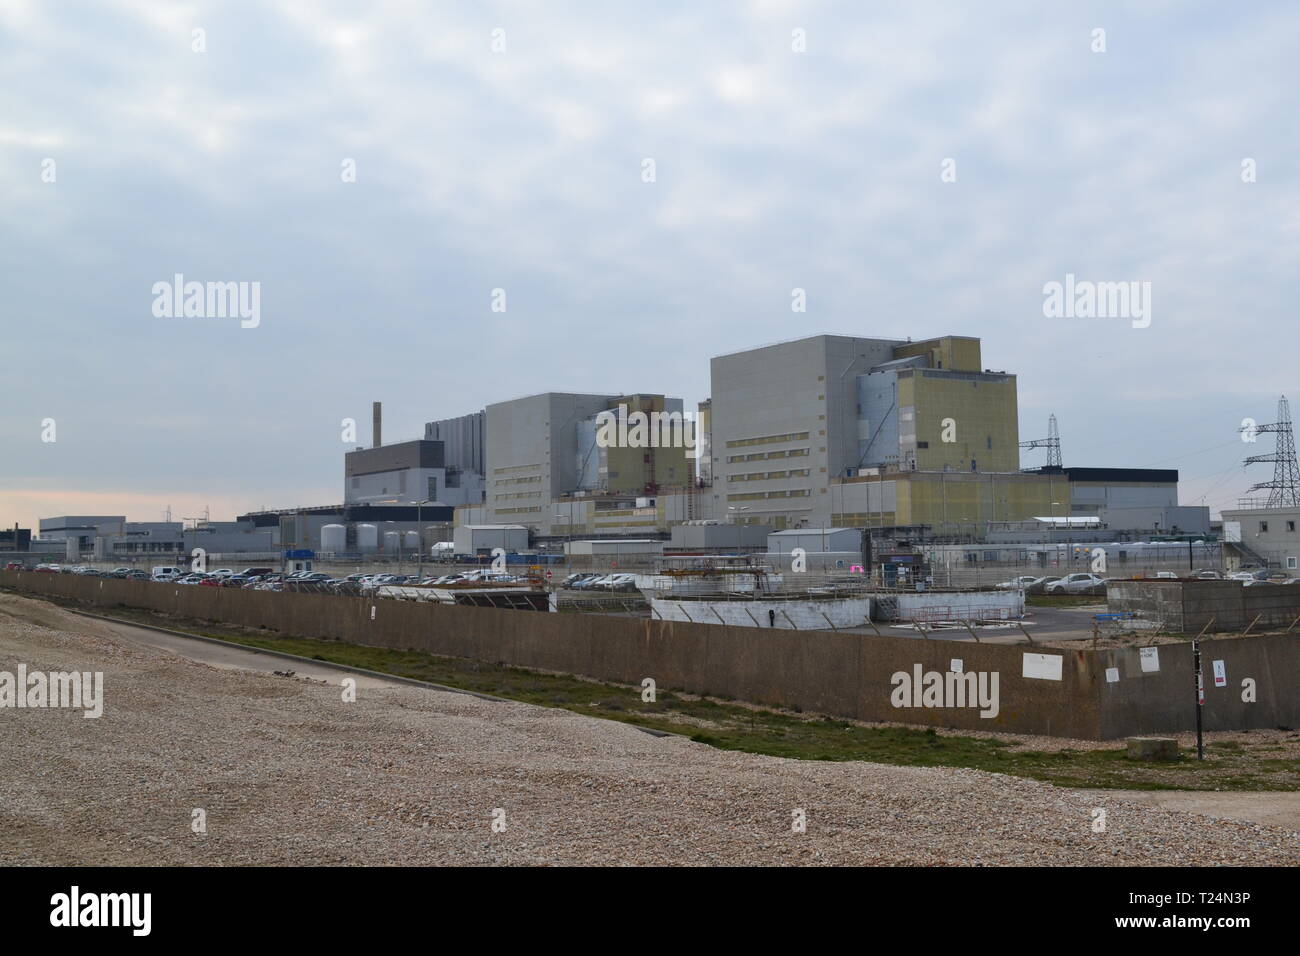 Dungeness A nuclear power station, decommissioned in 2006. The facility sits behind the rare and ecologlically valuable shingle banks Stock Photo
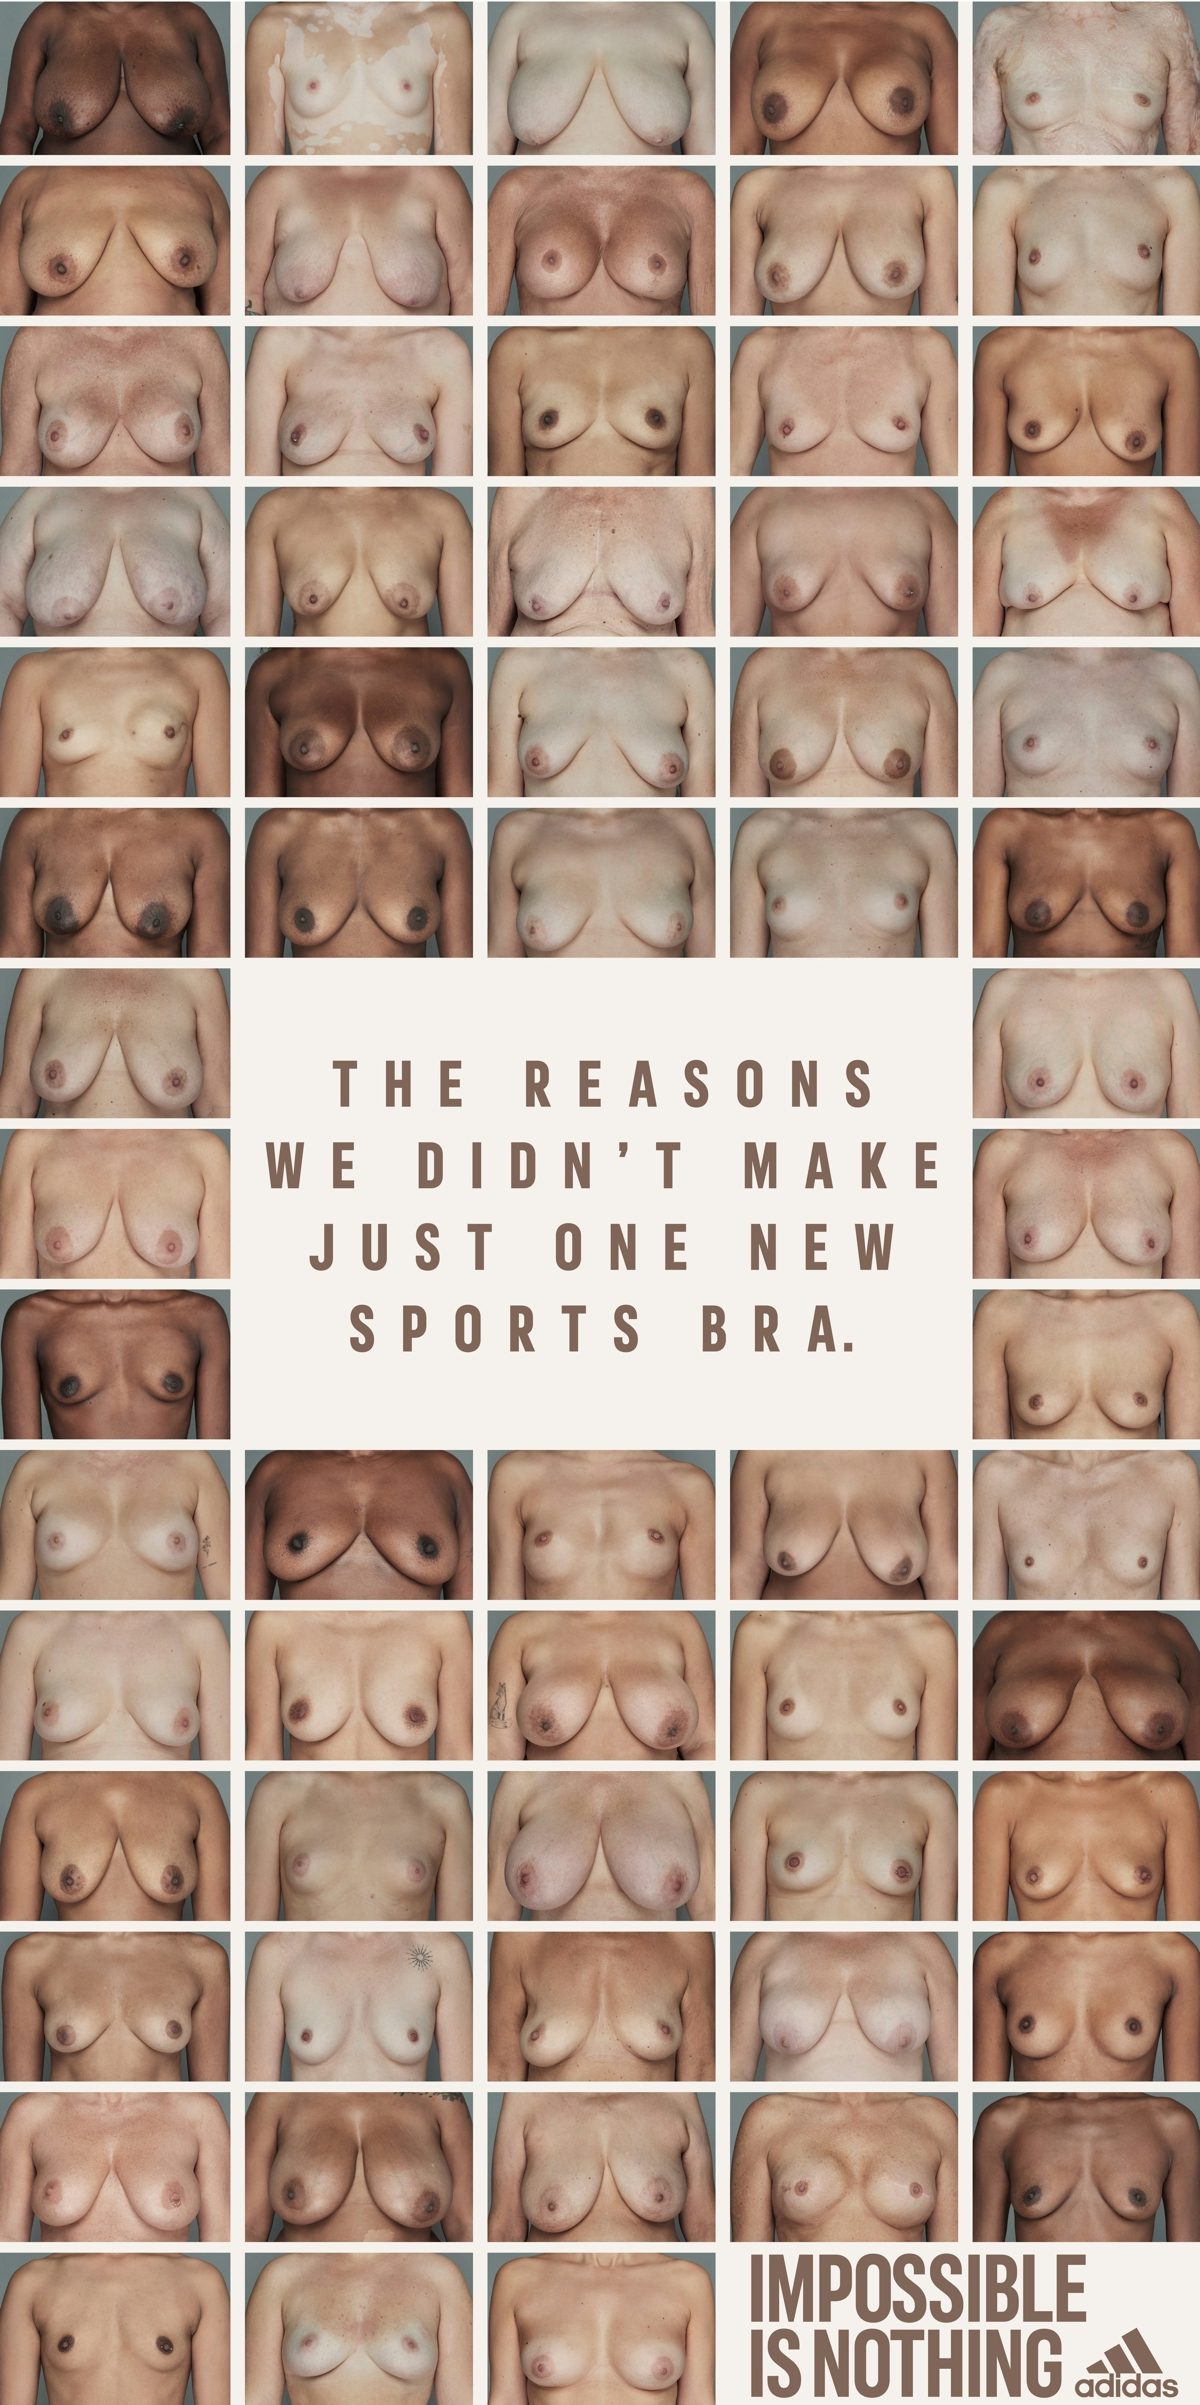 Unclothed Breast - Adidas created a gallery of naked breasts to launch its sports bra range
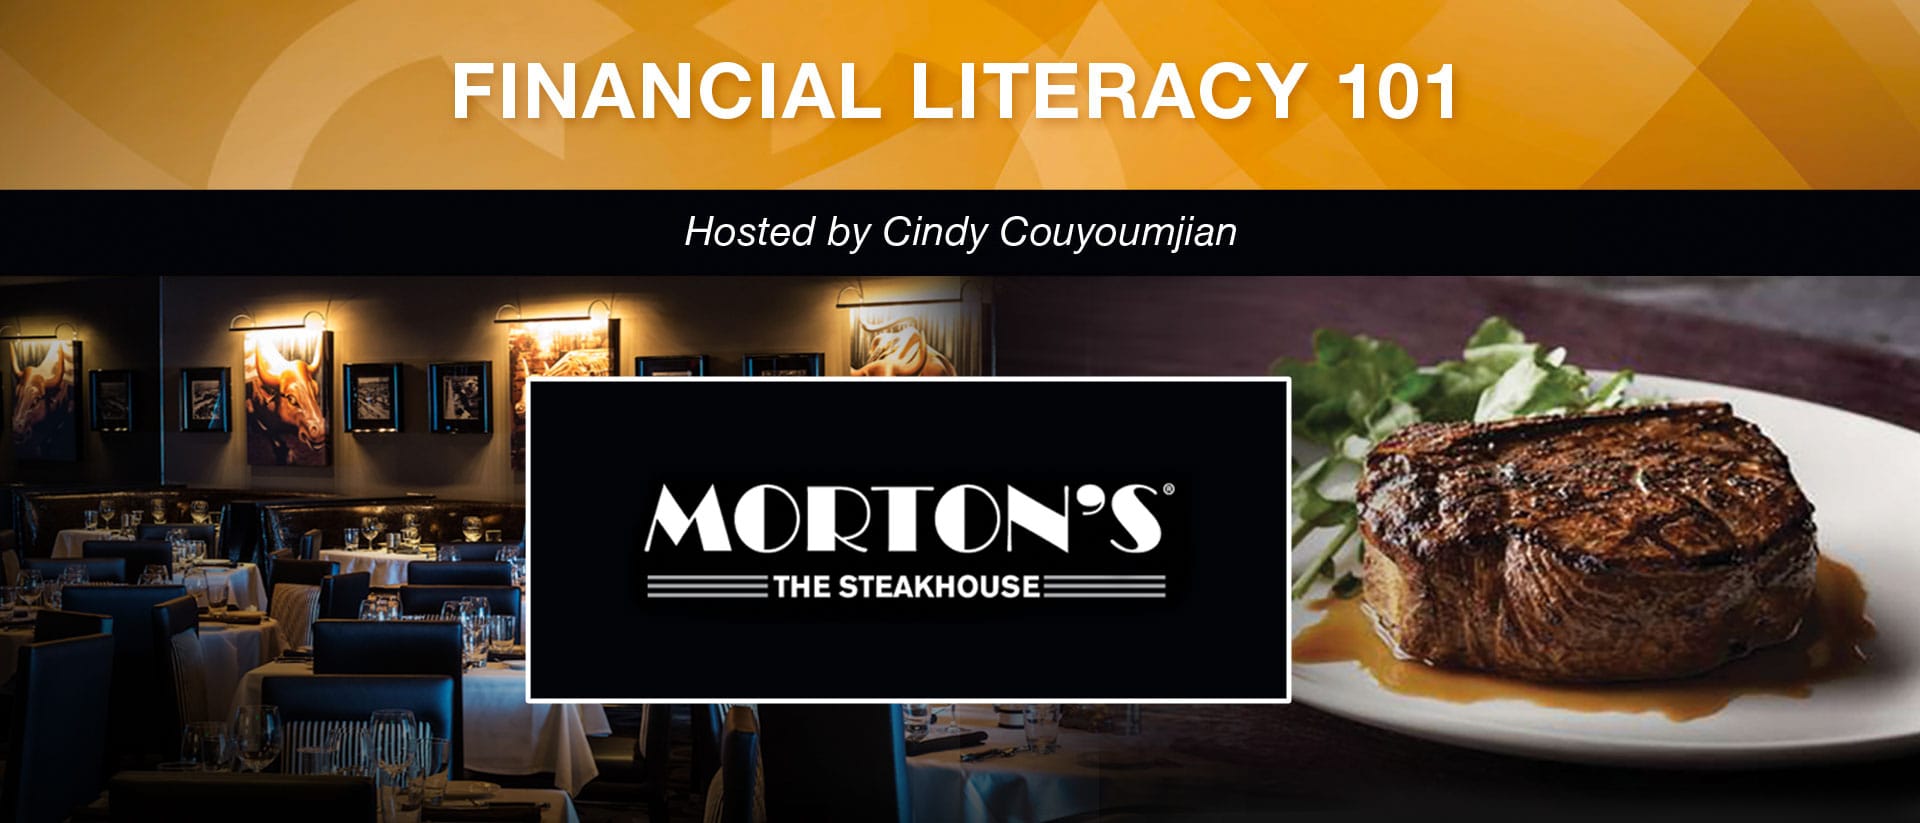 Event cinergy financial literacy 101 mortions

-.-.-

Please give back every line above exactly as it stands, without pictures.

Written reply:
 Dungeness A nuclear power station, decommissioned in 2006. The facility sits behind the rare and ecologlically valuable shingle banks Stock Photo
 Unclothed Breast - Adidas created a gallery of naked breasts to launch its sports bra range
 Event cinergy financial literacy 101 mortions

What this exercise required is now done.